Glass artisan by day, blogger by night (and sometimes vice versa). SaraB has three kids, three pets, one husband and a bizarre sense of humor. Her glass pendants can be found at if you're interested in checking it out.

16 replies on “LadyGhosts of TV Past: Firefly Episode 5”

I absolutely love this episode. Between the flashbacks to River and Simon’s past, character development, River dancing, and Kaylee’s adorable quirkiness, it’s just a fantastic episode. Worthy of a fangirl squee ;)

(PS: This is my first comment, so I just want to thank whoever’s taking the time to go through all the new commenters. Especially given how many people must be flocking here now that Jez is a mess. You rock! You’re like magic troll fighting slayers)

Oh, and this episode contains my favourite Mal-Zoe exchange ever:
Mal: Well, look at this! Appears we got here just in the nick of time. What does that make us?
Zoe: Big Damn Heroes, sir!
Mal: Ain’t we just?
and then Mal and Simon snark, which made me happy, which was great because River’s near-burning at the stake and Simon’s willingness to die with her made me teary just a minute before that. *sigh*

Firefly talks a hell of a lot more about class than most other sf shows I can think of. And it’s not just “these people are rich and powerful and these people are poor and therefore it’s a dystopia.” It demonstrates (just a little, and not very subtly) the way class alters assumptions and goals. I don’t much care for how Whedon writes race (where *are* the Chinese people in this verse where Chinese is the language of learning?) or gender (I am so over my feminist heroes being waifish girls kicking ass while being emotionally/mentally fragile), but I’m glad he at least *tries* to talk about them, and class.

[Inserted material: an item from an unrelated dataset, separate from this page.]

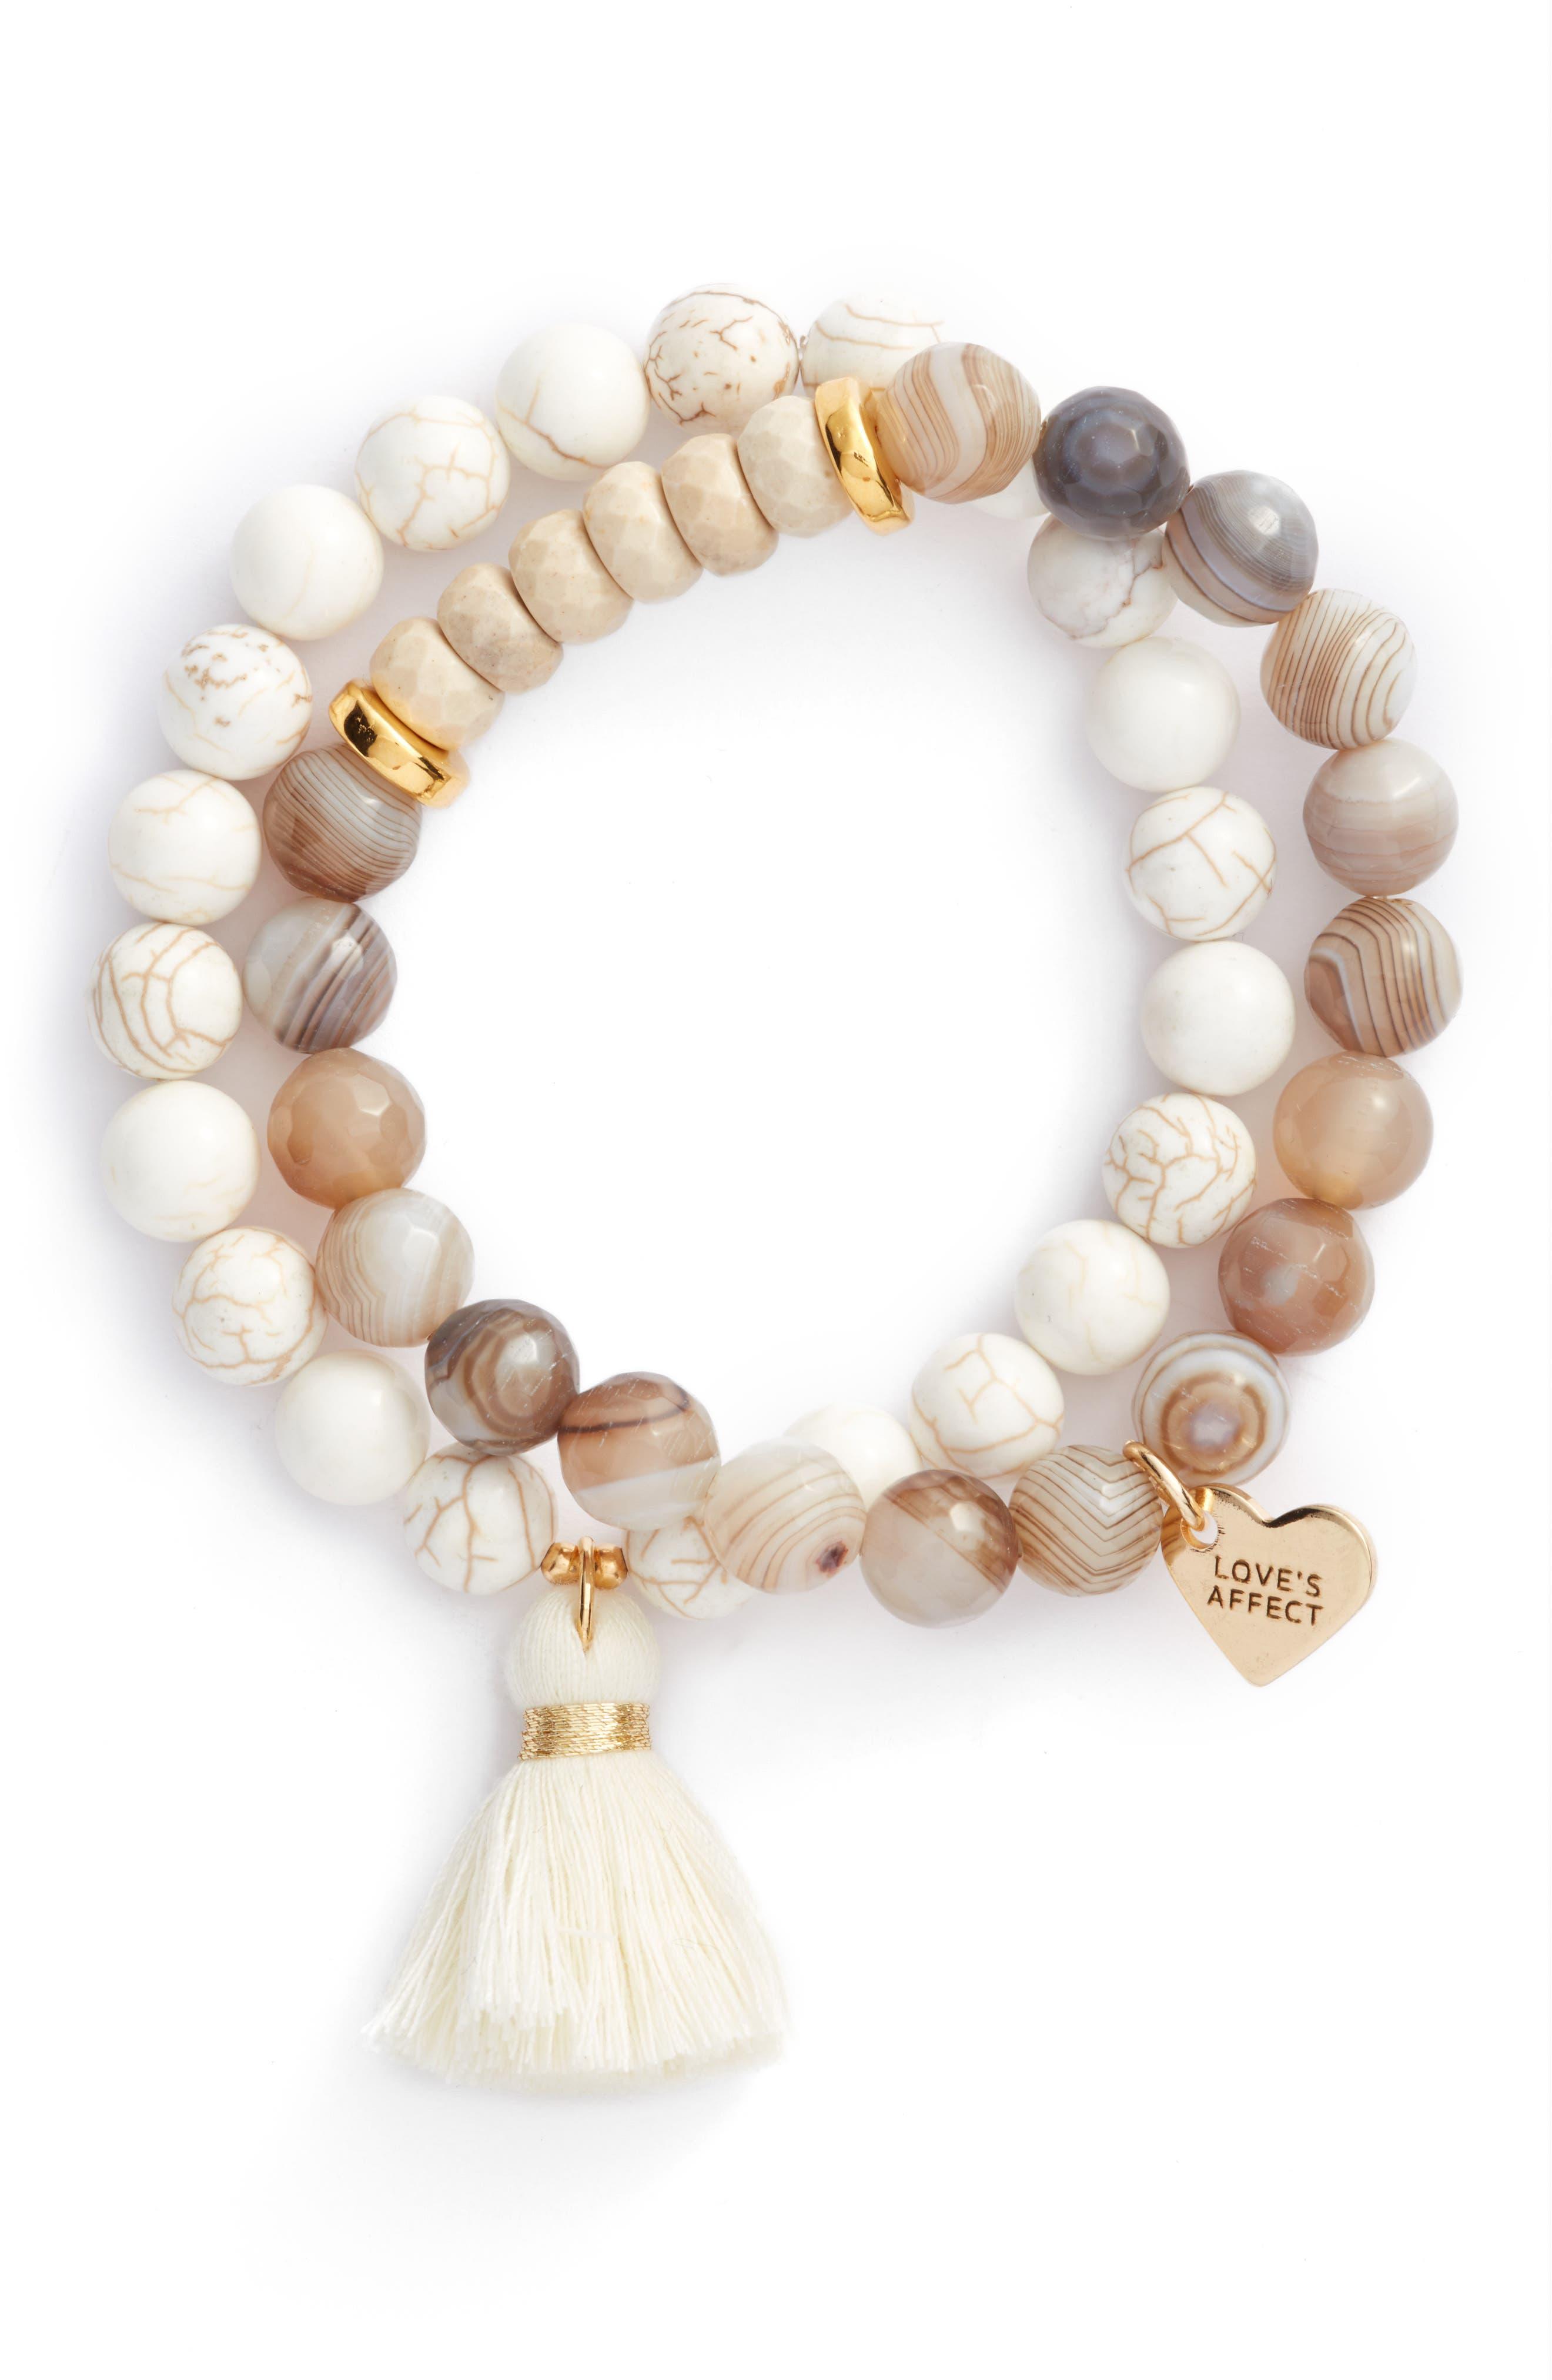 Main Image - Love's Affect Set of 2 Semiprecious Stone Tassel Bracelets

There are a fair few Asian extras in most of the crowd scenes in Firefly- River’s dance partner in this episode, then the young man who’s about to set her on fire, not to mention some of the people watching her dance- and that’s just the two I remember from my long-ago viewings of the show.

I suppose what we’re complaining about is the lack of Chinese main characters- Whedon’s next cast (for Dollhouse) did a bit better on that score, which is good because Dichen Lachman is awesome.